Multi-call tool use with flexible plan RL-based tool use
SWiRL improves LLM performance on complex tasks by generating multi-step tool-use trajectories, filtering them for step-wise soundness, and optimizing the model via reinforcement learning on granular intermediate steps.
Core Problem
Traditional RLHF and RLAIF optimize for single-step responses, failing to address the compounding errors and complex planning required for multi-step reasoning and tool-use tasks.
Why it matters:
  • Complex real-world problems require sequences of interrelated actions (searching, synthesizing, calculating), where one early mistake derails the final answer
  • Current methods struggle to teach models when to stop searching or how to recover from intermediate errors in long trajectories
  • Existing single-step optimization approaches miss the granular feedback needed to correct specific faulty reasoning steps or tool calls
Concrete Example: In multi-hop QA, a model might incorrectly query a search engine in step 1, retrieve irrelevant info, and hallucinate an answer.
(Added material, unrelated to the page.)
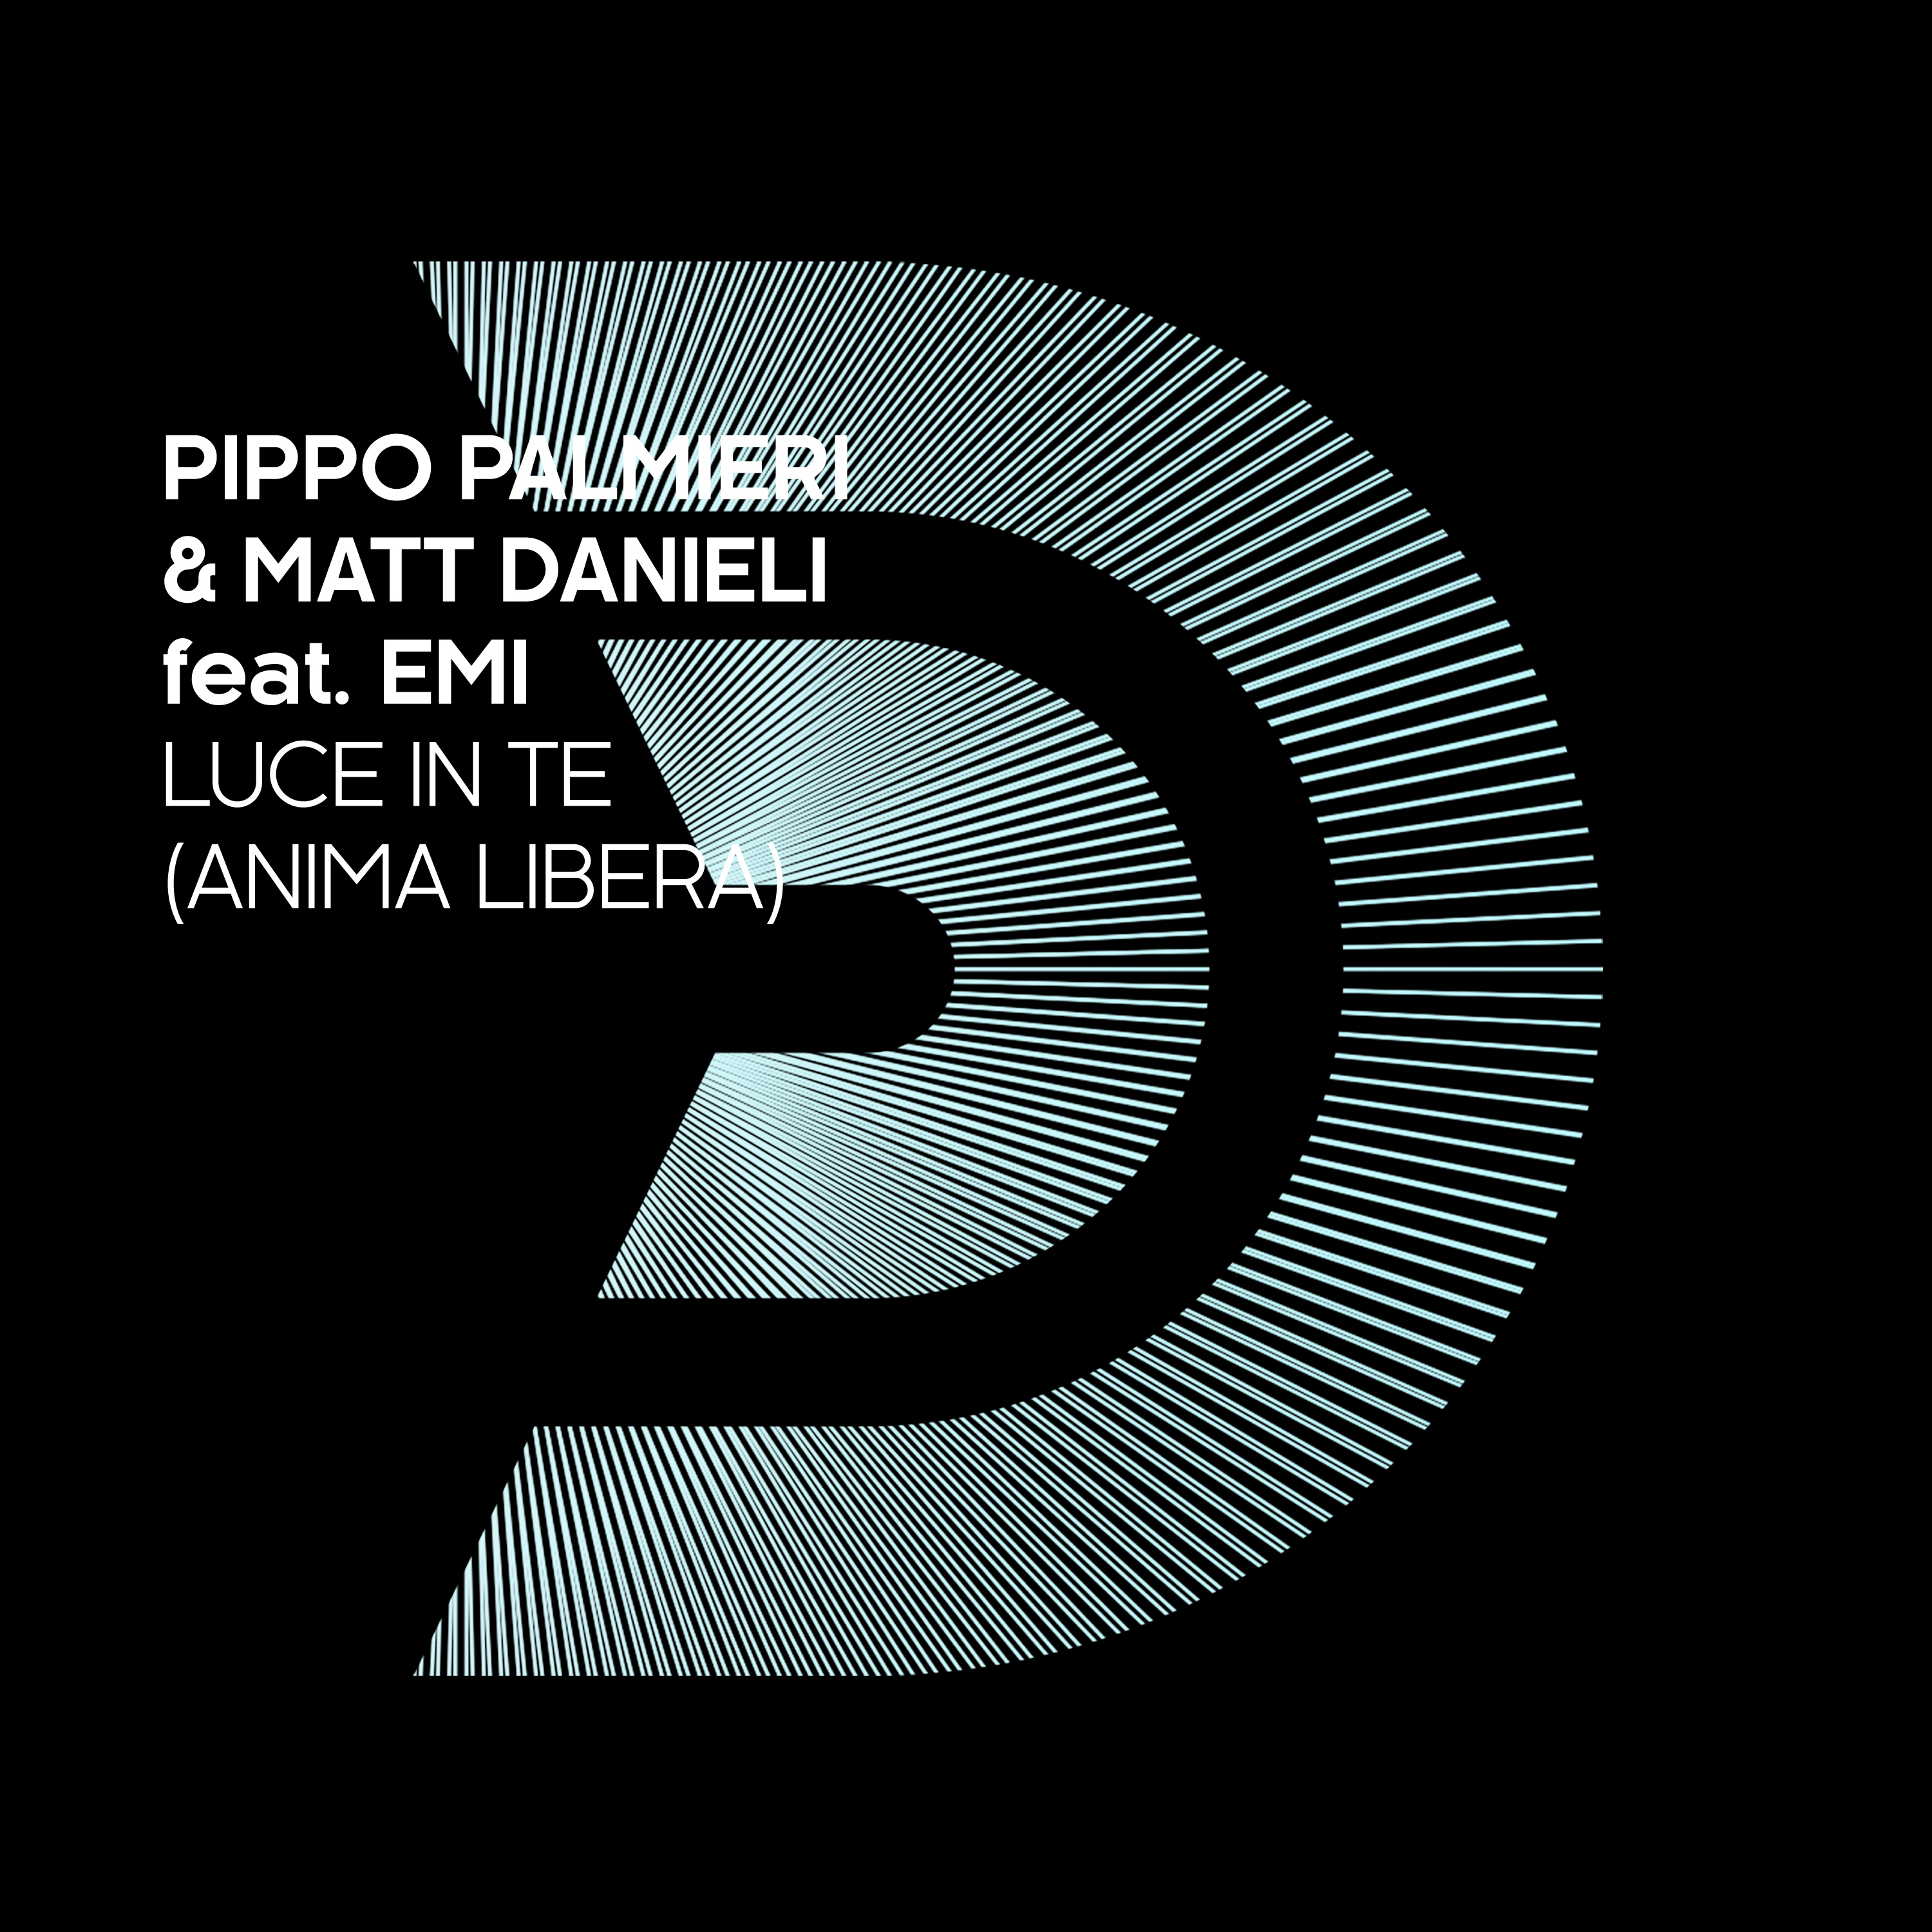 PIPPO PALMIERI & MATT DANIELI feat. EMI - Luce in te (Anima libera)

Standard outcome-based RL only penalizes the final wrong answer, failing to teach the model *which* specific step (the bad query) caused the failure.
Key Novelty
Step-Wise Reinforcement Learning (SWiRL)
  • Decomposes multi-step synthetic trajectories into sub-trajectories, treating each intermediate action (reasoning or tool call) as a distinct training point
  • Uses a generative reward model to score the 'reasonableness' of each specific step given its context, rather than just scoring the final outcome
  • Demonstrates that filtering data based on step-wise process quality is more effective for RL than filtering solely for correct final answers
Architecture
Architecture Figure Figure 2
The Step-Wise Reinforcement Learning (SWiRL) optimization process.
Evaluation Highlights
  • +21.5% relative accuracy improvement on GSM8K (math) and +12.3% on HotPotQA (multi-hop QA) compared to baseline approaches
  • Training solely on HotPotQA (text QA) improves zero-shot performance on GSM8K (math) by 16.9%, demonstrating strong cross-task generalization
  • Outperforms baselines by 15.3% on BeerQA and 11.1% on MuSiQue, confirming effectiveness across diverse multi-hop reasoning datasets
Breakthrough Assessment
8/10
Significant gains in multi-step reasoning and remarkable cross-task generalization (QA to Math). The finding that process-filtered data outperforms outcome-filtered data for RL challenges prevailing assumptions in synthetic data distillation.